The seeds were treated with Standak Top at a dose of 2 ml kg-1 and with liquid inoculant via the stalk - Bradyrhizobium + Azospirillum (1 dose - providing at least 1.2 million cells per seed, according to the manufacturer). Maintenance fertilization was performed with 330 kg ha-1 of NPK (02-20-20). The soil cover was maintained with corn and Brachiaria straw. Foliar fertilization was performed at stages V4, R1, R3, and R4/R5, as detailed in the supplementary material (Supplementary Table 2). Fungal control was carried out in four applications, with the following fungicides: 1st application - propiconazole + difenoconazole (0.15 L ha-1 a.i.); 2nd application - trifloxystrobin + prothioconazole (0.4 L ha-1 a.i.); 3rd application - epoxiconazole + fluxapyroxad + pyraclostrobin (0.80 L ha-1 a.i.); and, 4th application - trifloxystrobin + ciproconazole (0.2 L ha-1 a.i.) + mancozeb (1.5 kg a.i.). Weed and pest control were carried out following recommendations for the region.

Agronomic traits

The evaluations were carried out in the physiological maturity stage (R8), when there is a maximum accumulation of dry matter in the grains (fully mature grains). Lodging (LDG) was assessed using a rating scale of 1 to 5, where 1—indicates all plants erect, 2—up to 25% of plants lodged, 3—26 to 50% of plants lodged, 4—51 to 80% of plants lodged, and 5—above 81% of plants lodged. Plants were considered lodged when they had an inclination angle of 45° or higher. Plant height (PH) was measured from the soil surface to the apical end of the main stem, using a tape measure, at three randomly selected points in the plot, and the results were expressed in cm. Maturity at R8 was assessed as the number of days from emergence to stage R8, which corresponds to full soybean maturation, expressed in days. Hundred-seed weight (100-SW) was evaluated by direct weighing on a precision balance. The seed yield (SY) was determined by weighing the harvested useful area (15 m2 of each plot) and then converted to kilograms per hectare, standardized to a moisture content of 13%.

High-throughput phenotyping analysis

The canopy development of soybean pure lines was monitored using digital images obtained from overflights, using a Drone (DJI Phantom 4) equipped with its own camera (RGB) with 20 megapixels. At the beginning of sowing, plots and ground control points (GCPs) were marked in the form of an X (white) placed throughout the study area. The coordinates of each control point were obtained by GNSS-RTK receiver (Global Navigation Satellite System-Real Time Kinematic) and were used to generate the orthomosaic from the images captured by the ARP at each sowing time (Fig. 1).

The flights were autonomously conducted with a plan created in the Dronedeploy® application and began from seedling emergence until harvest, 28, 37, 49, 70, 86, 105, 115, and 120 days after sowing (DAS).

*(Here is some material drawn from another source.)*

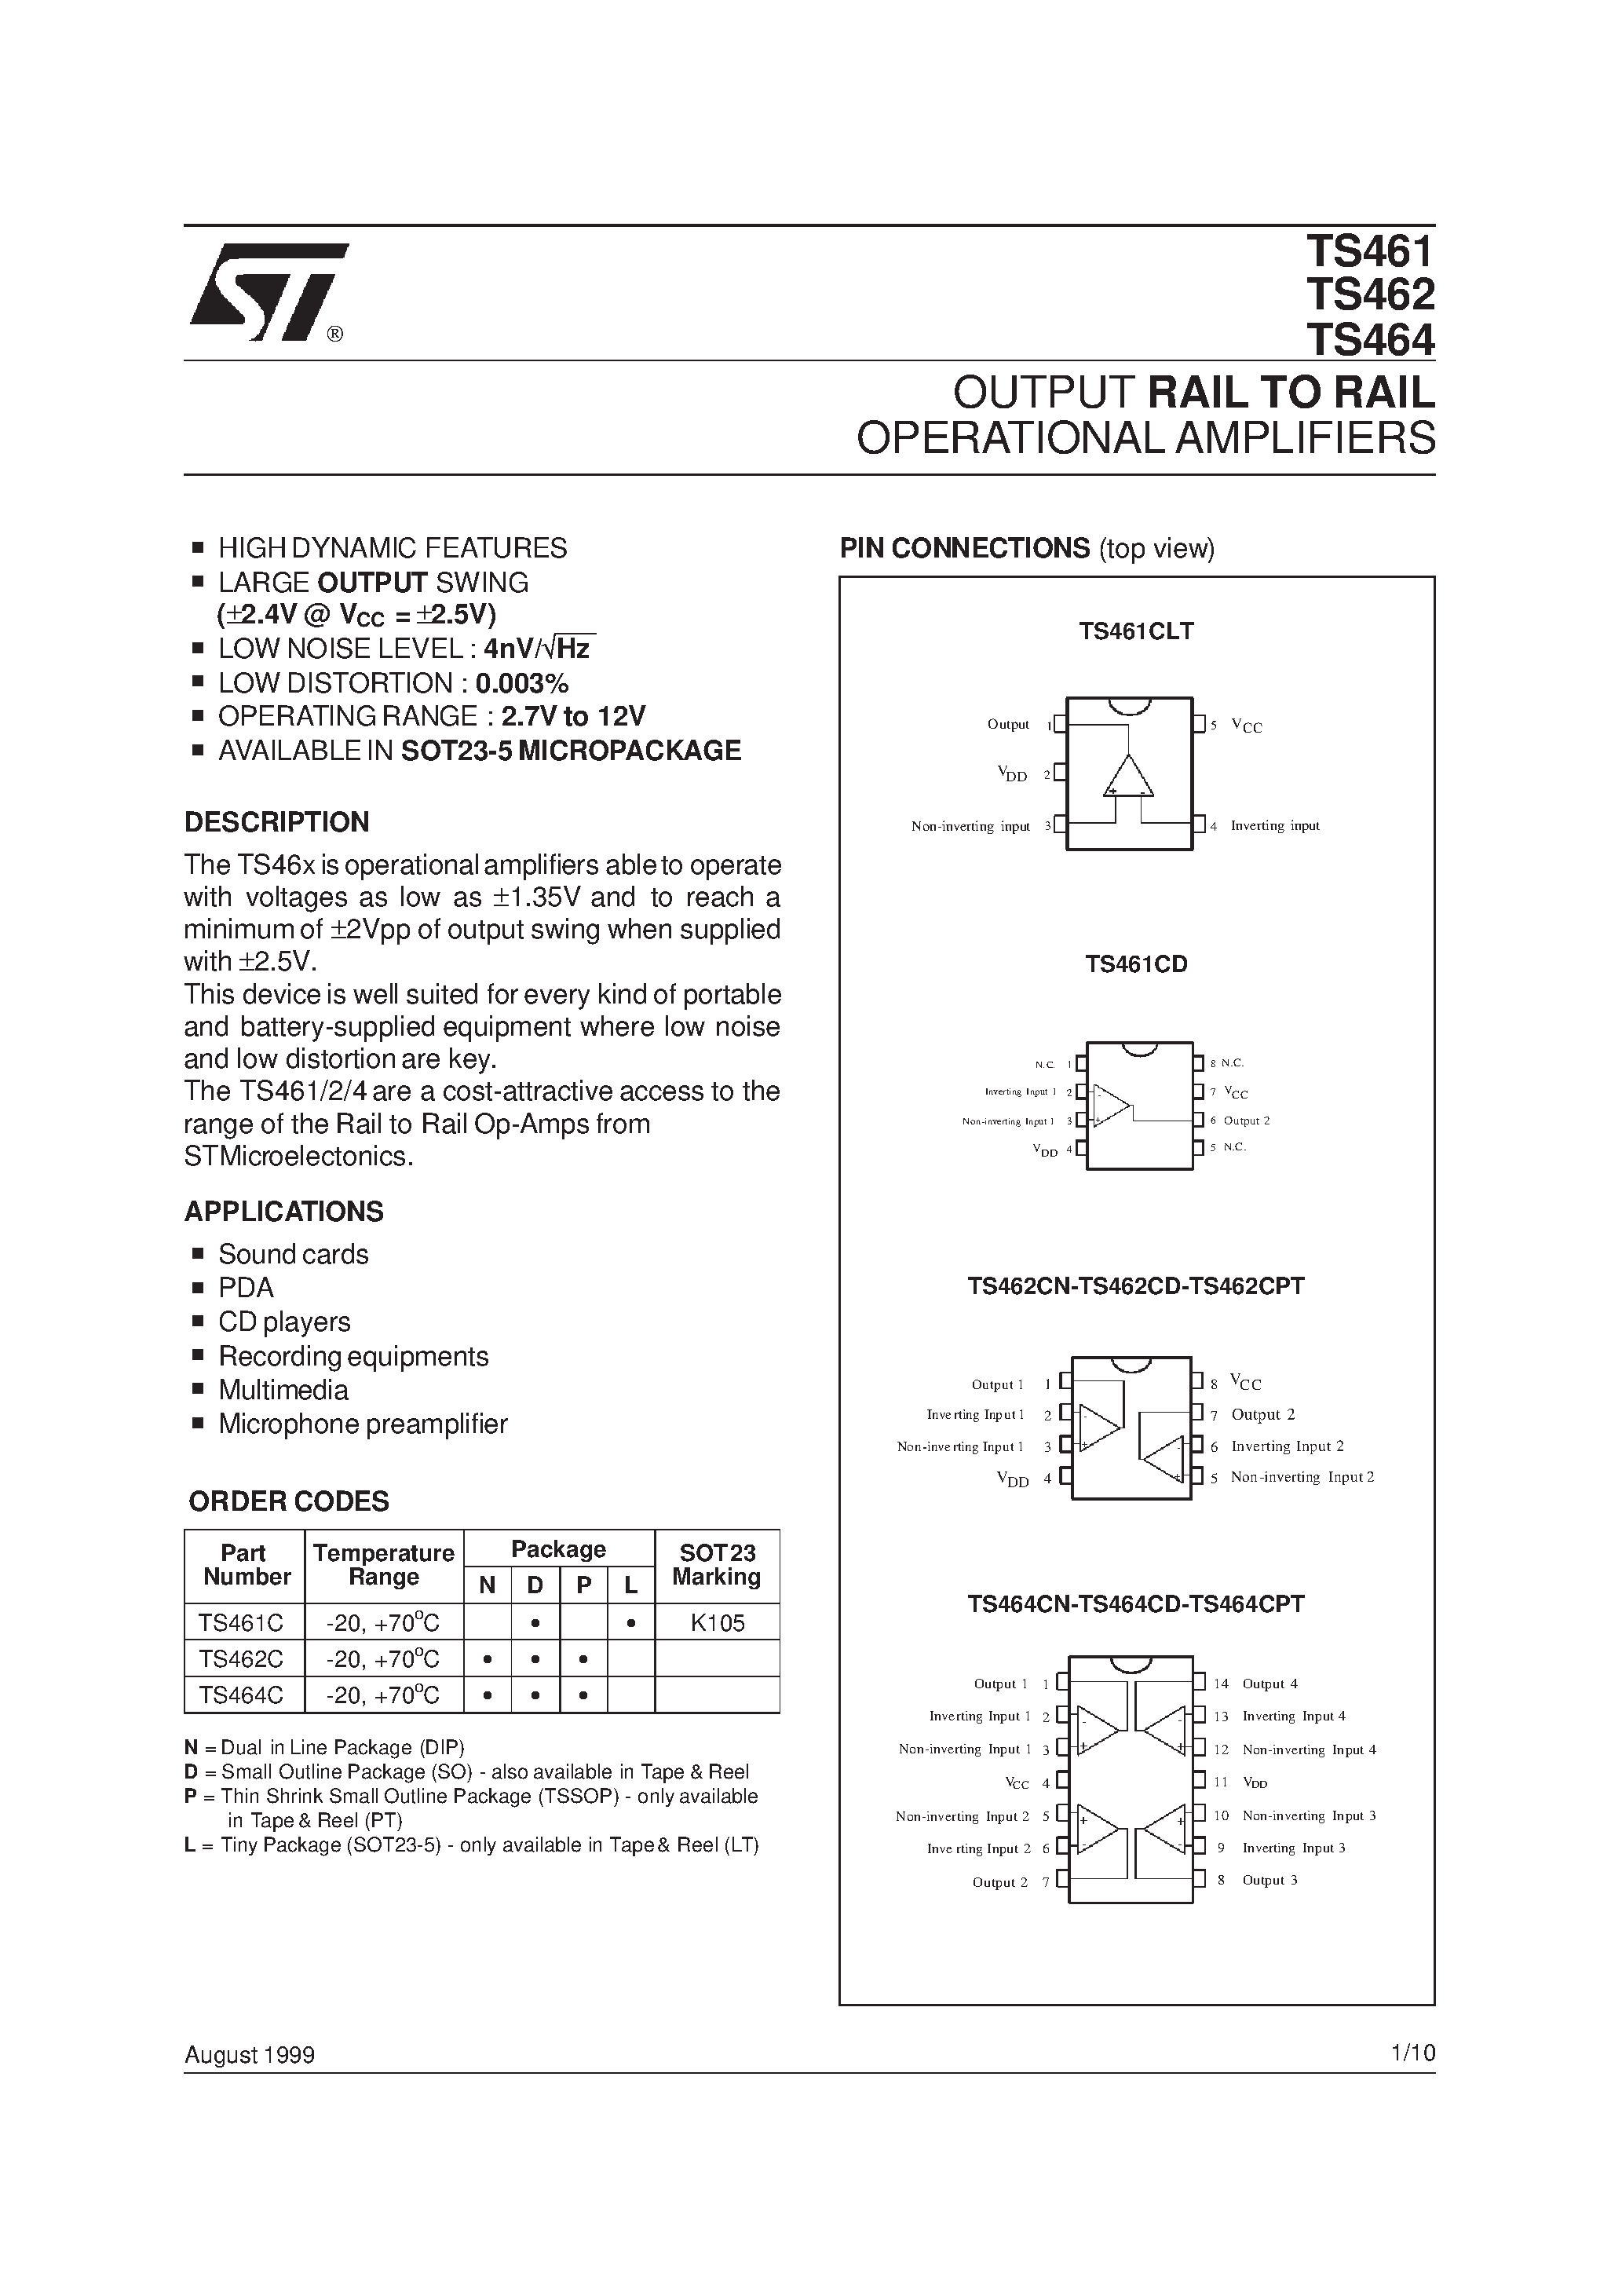 Datasheet TS461CD - OUTPUT RAIL TO RAIL OPERATIONAL AMPLIFIERS page 1

One flight per day was conducted, lasting between 15 and 25 minutes, at an altitude of 50 m and a speed of 3 m/s, with a 1 cm pixel size for greater image precision. The images were captured with a lateral overlap of 80% and a frontal overlap of 75% for the construction of the final orthomosaic. UAV flights were conducted under stable environmental conditions on calm, clear days within specific flight windows to ensure data consistency. A single flight capturing multiple images per phenotyping session was performed to enhance image quality and overlap. The weather parameters (temperature, humidity, and wind speed) were continuously recorded throughout the growing season.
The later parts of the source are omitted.